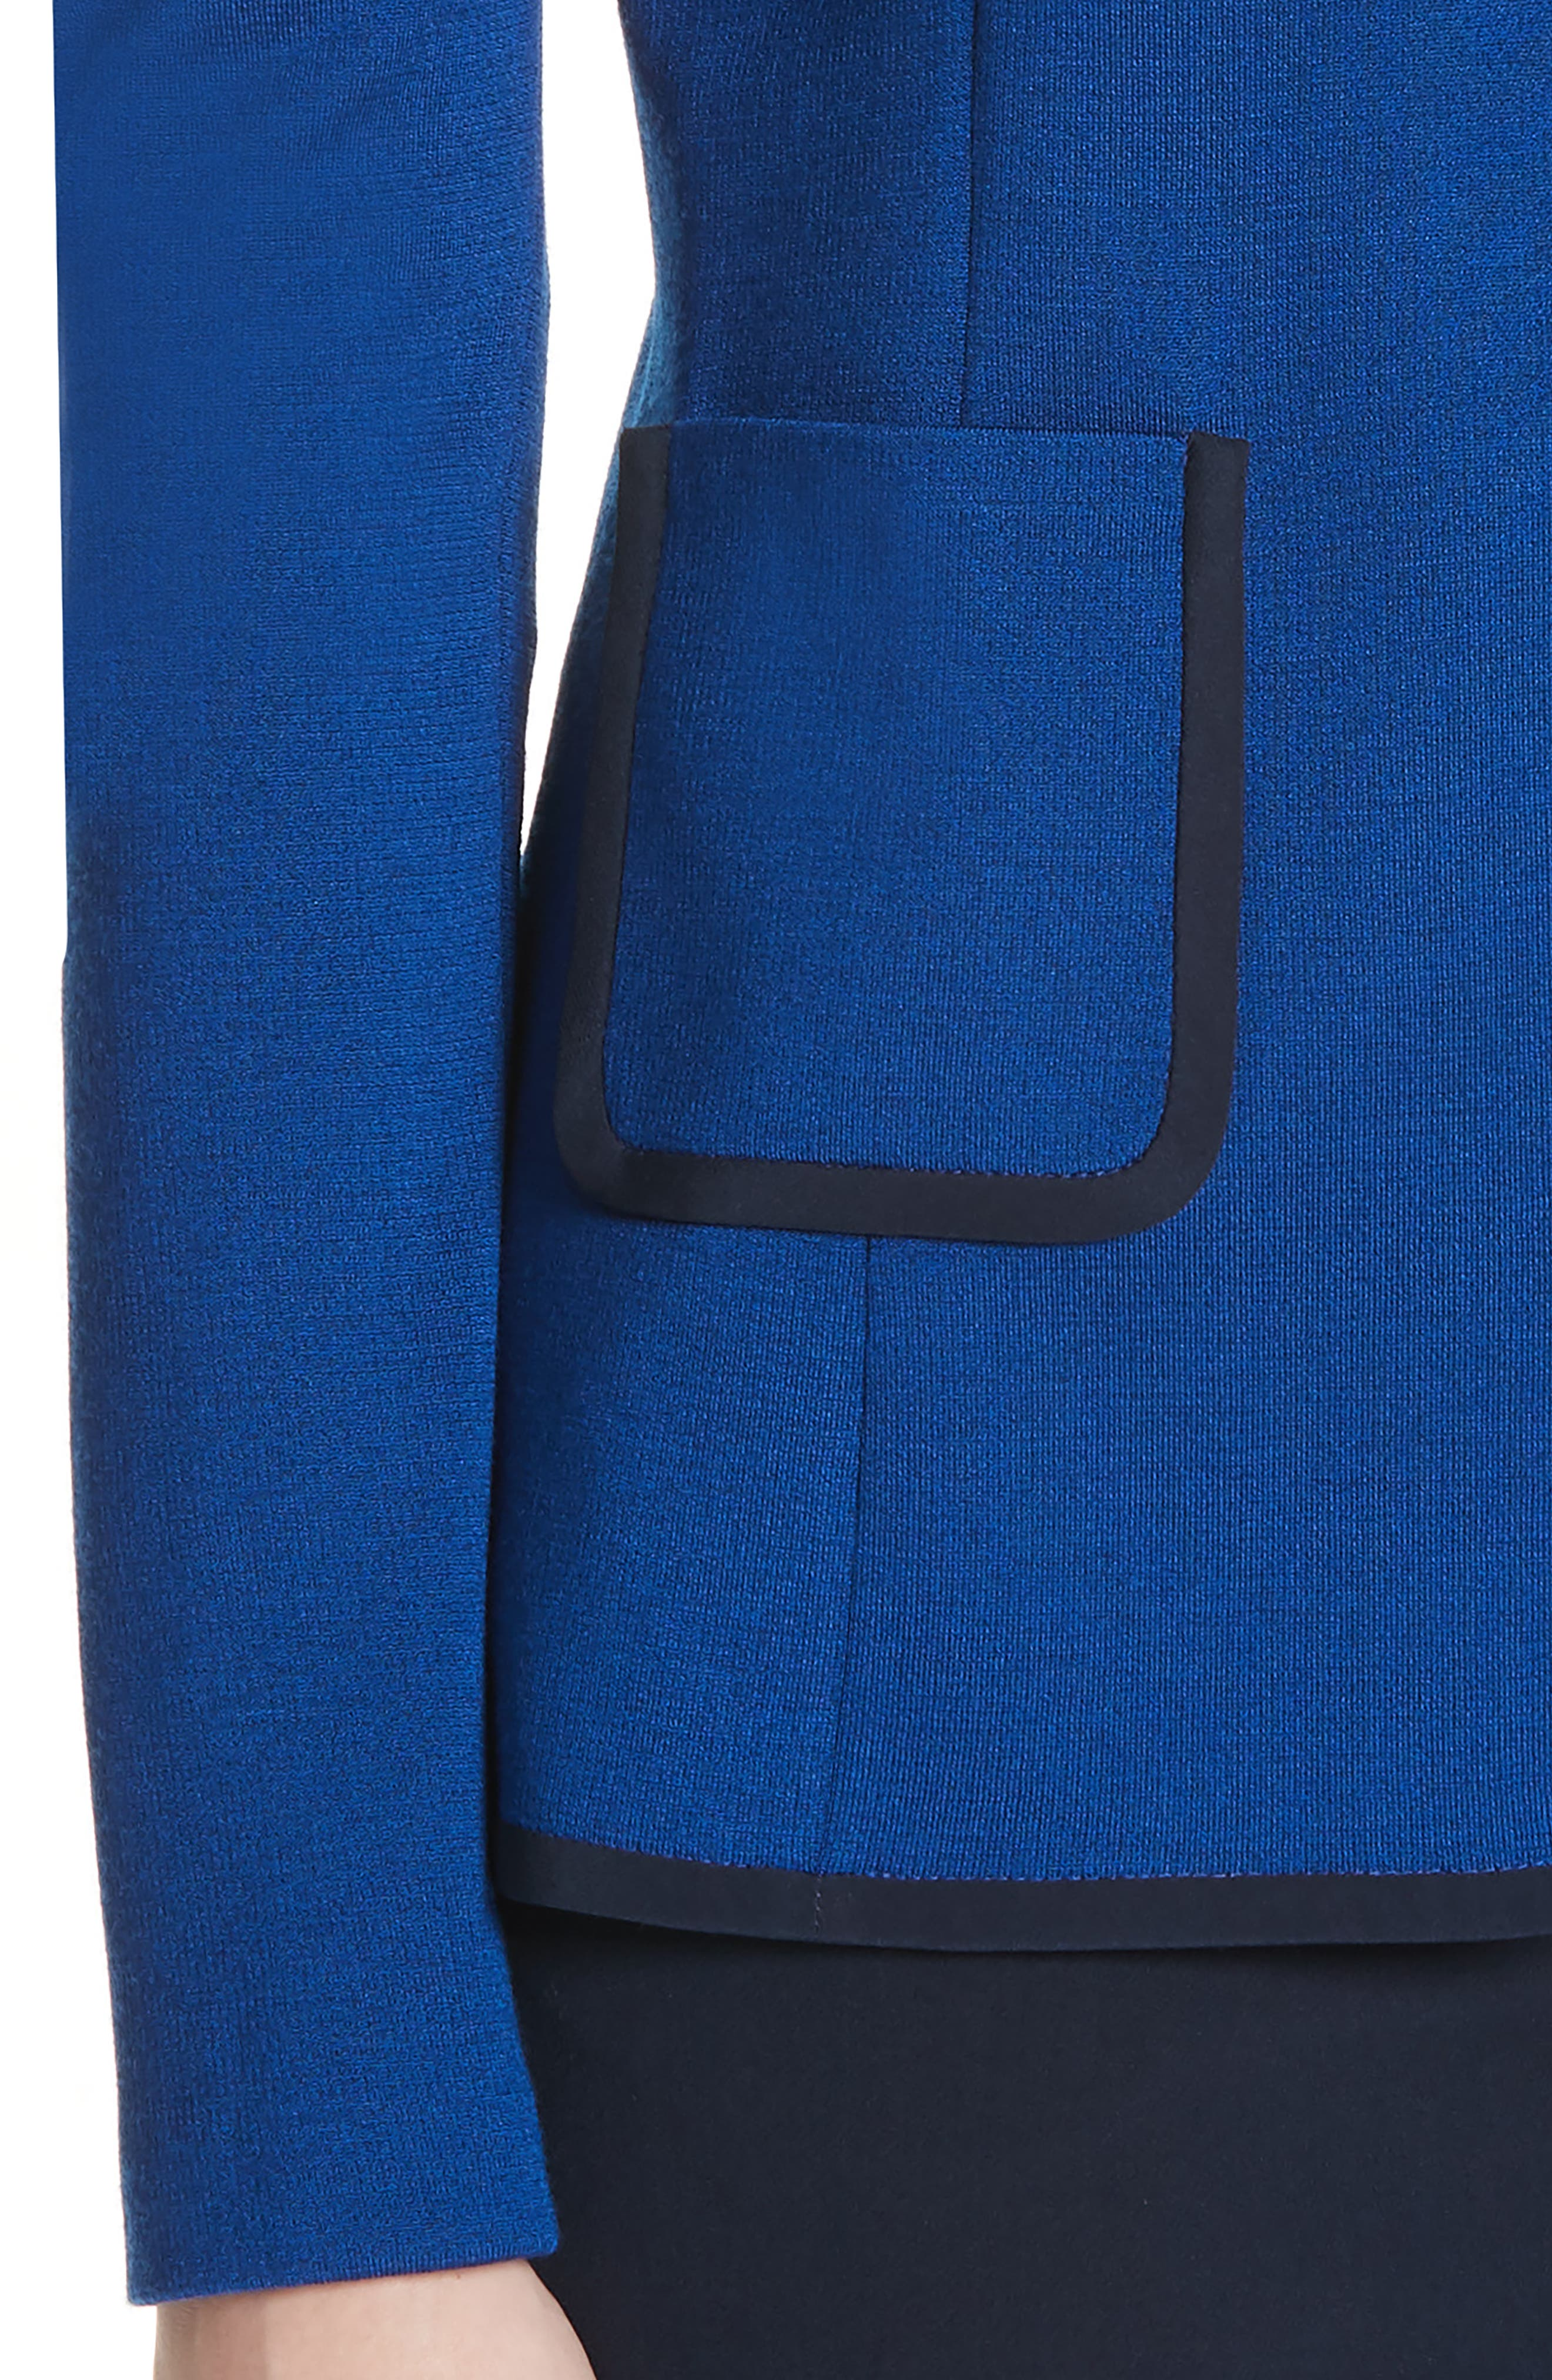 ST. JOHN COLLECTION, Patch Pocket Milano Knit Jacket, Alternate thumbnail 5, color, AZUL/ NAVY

...

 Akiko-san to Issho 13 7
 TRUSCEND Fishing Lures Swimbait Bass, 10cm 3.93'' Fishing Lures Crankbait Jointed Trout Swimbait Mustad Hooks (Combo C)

=== Work item ===
Restate word for word the entries above, starting at the line with "Akiko-san to Issho 13 7" and ending at the line with "TRUSCEND Fishing Lures", inclusive, and no others.

=== Output of the exercise ===
 Akiko-san to Issho 13 7
 TRUSCEND Fishing Lures Swimbait Bass, 10cm 3.93'' Fishing Lures Crankbait Jointed Trout Swimbait Mustad Hooks (Combo C)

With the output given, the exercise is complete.